Friday, June 27, 2014

Big data cubes

When exporting some large solution sets from GAMS I was wondering about the size improvements we can get by storing strings in a pool.

The output data is organized in a very large “cube”, i.e. a single large parameter (in GAMS language) or table (when looked at from an RDBMS). In the GAMS GDX viewer the parameter results(impactparameter, scenario, commodity, region, productiontype, year) looks like:

image

Note that some of the strings are fairly large (the first index), while most are coded efficiently (e.g. three letter country codes). When we export this to a csv file or a database typically we export this as a single large table:

image

image

If we look at the table below we are a little bit surprised about the file sizes:

image 

This is a small test case: we can expect larger file sizes in practice (more scenarios, more impact parameters, more production technologies). The SQLite databases were exported with GDX2SQLITE. The compressed GDX files were generated with the environment variable GdxCompress turned on (see http://yetanothermathprogrammingconsultant.blogspot.com/2010/04/gamsgdx-compression.html).

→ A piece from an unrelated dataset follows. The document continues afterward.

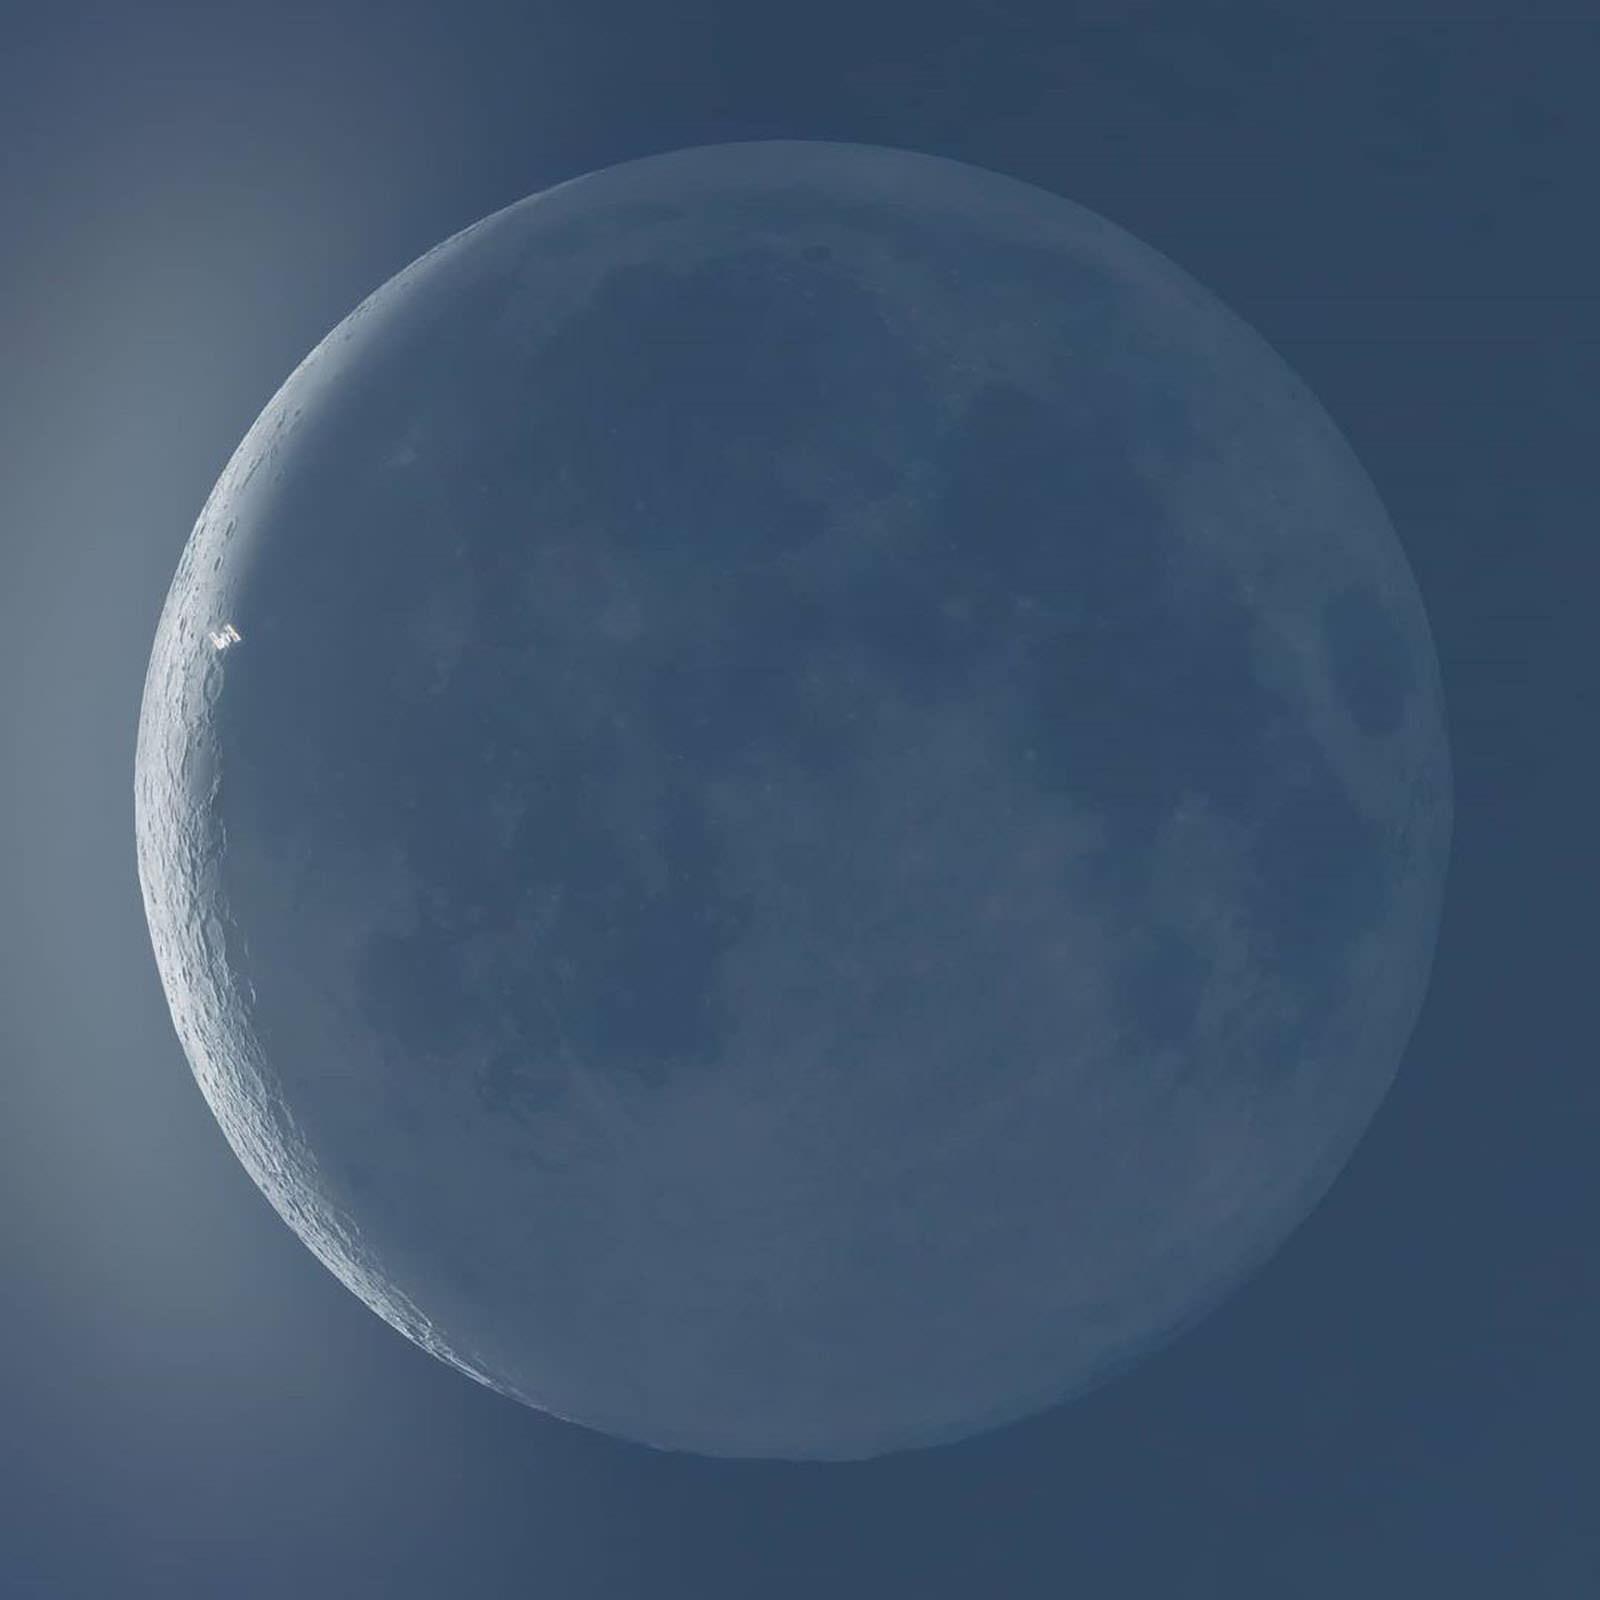 摄影师在他家后院抓拍到了国际空间站与太阳和月亮交错而过的照片插图

One reason why GAMS GDX files may be more efficient is that strings (corresponding to set elements in GAMS) are stored in a separate data structure. This pool stores only Unique ELements (or UELs). Of course we can also export the data in this form:

  1. Export the UELs into a separate table (called UELS$).
  2. Export the parameters with integers in the index positions (these numbers correspond to the UEL$ table). For the example above we store this in a table results$.
  3. To make it easy for the user we create an SQL VIEW called results that performs the joins to get the string data. You still can do select * from results and get the same results. This database schema is actually significantly more efficient w.r.t. space. The real data is stored in the the uels$ and results$ table. The view does not store any data: the joins are performed when we do a select.

image

It is interesting to see how few UELs typical models have. This big parameter results has more than 4 million records but it has only 339 unique elements:

image

or differently derived:

image

I.e. the UELS$ table will be quite small. A really smart query optimizer may build a hash table out of this for quick lookup (I have seen SQL Server doing these kind of tricks).

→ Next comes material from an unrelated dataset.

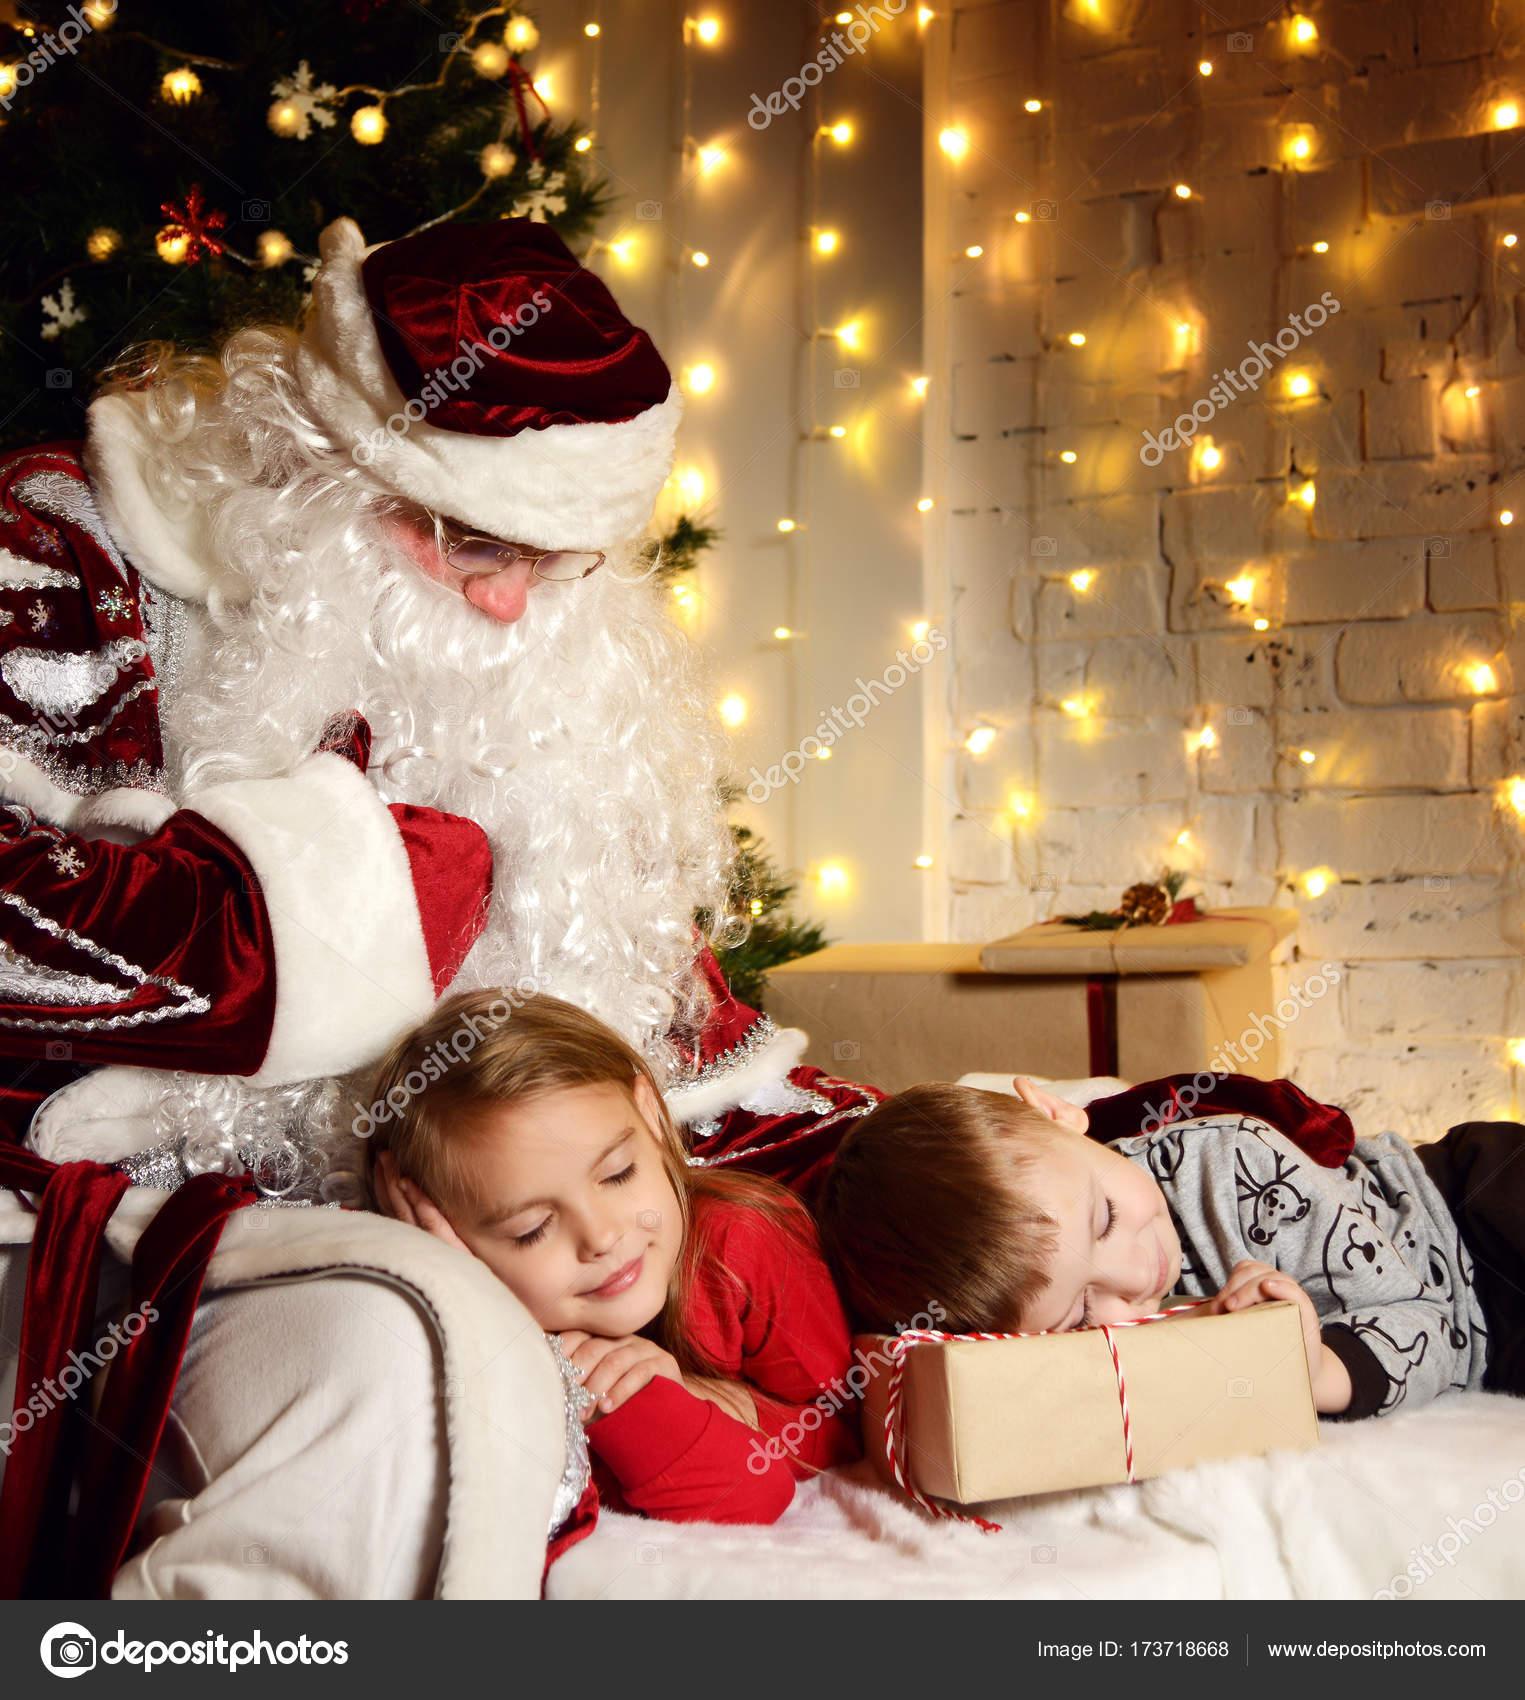 Foto Di Natale Con Bambini.Babbo Natale Con Bambini Svegli Ragazzino E Ragazza Vicino

The SQL VIEW itself – performing the joins – is somewhat ugly, but as it is automatically generated we don’t really care:

image

The user can just use results as it were a normal table and does not need to worry about what is happening underneath. 

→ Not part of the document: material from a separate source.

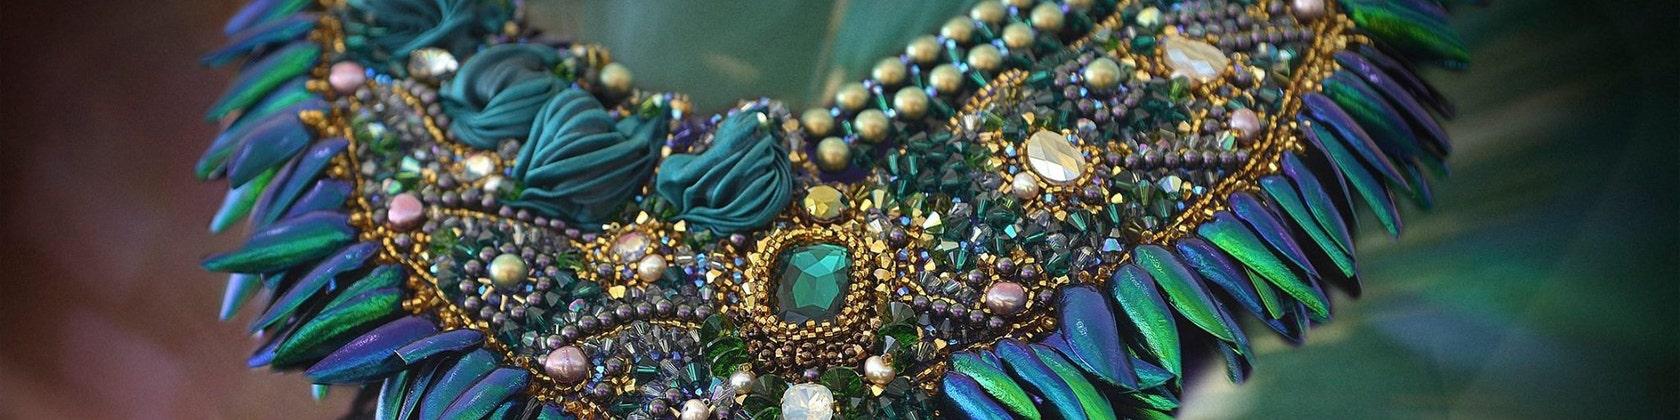 282c64dc2 Haute fantaisie handmade jewelry made in French by beadsofaquarius

This organization is a little bit like the star schema used in data warehousing and OLAP. It is a bit special as for each dimension we use the same dimension table. If we have explicit sets for each dimension we really could implement a star schema. Again with a proper SQL VIEW we can hide the ugly details from the user.

Of course the GDX files themselves are even more compact (by a large margin!). I am pushing for an ODBC driver for GDX files: that would give us direct access to GDX files as if they were SQL tables. This is both useful for end-users with tools that can use ODBC data sources (e.g. Excel, Tableau, SQL Server, Access) and for programmers who are more familiar with relational data compared to using the GDX API directly (you really need to know GAMS before you can use the GDX API).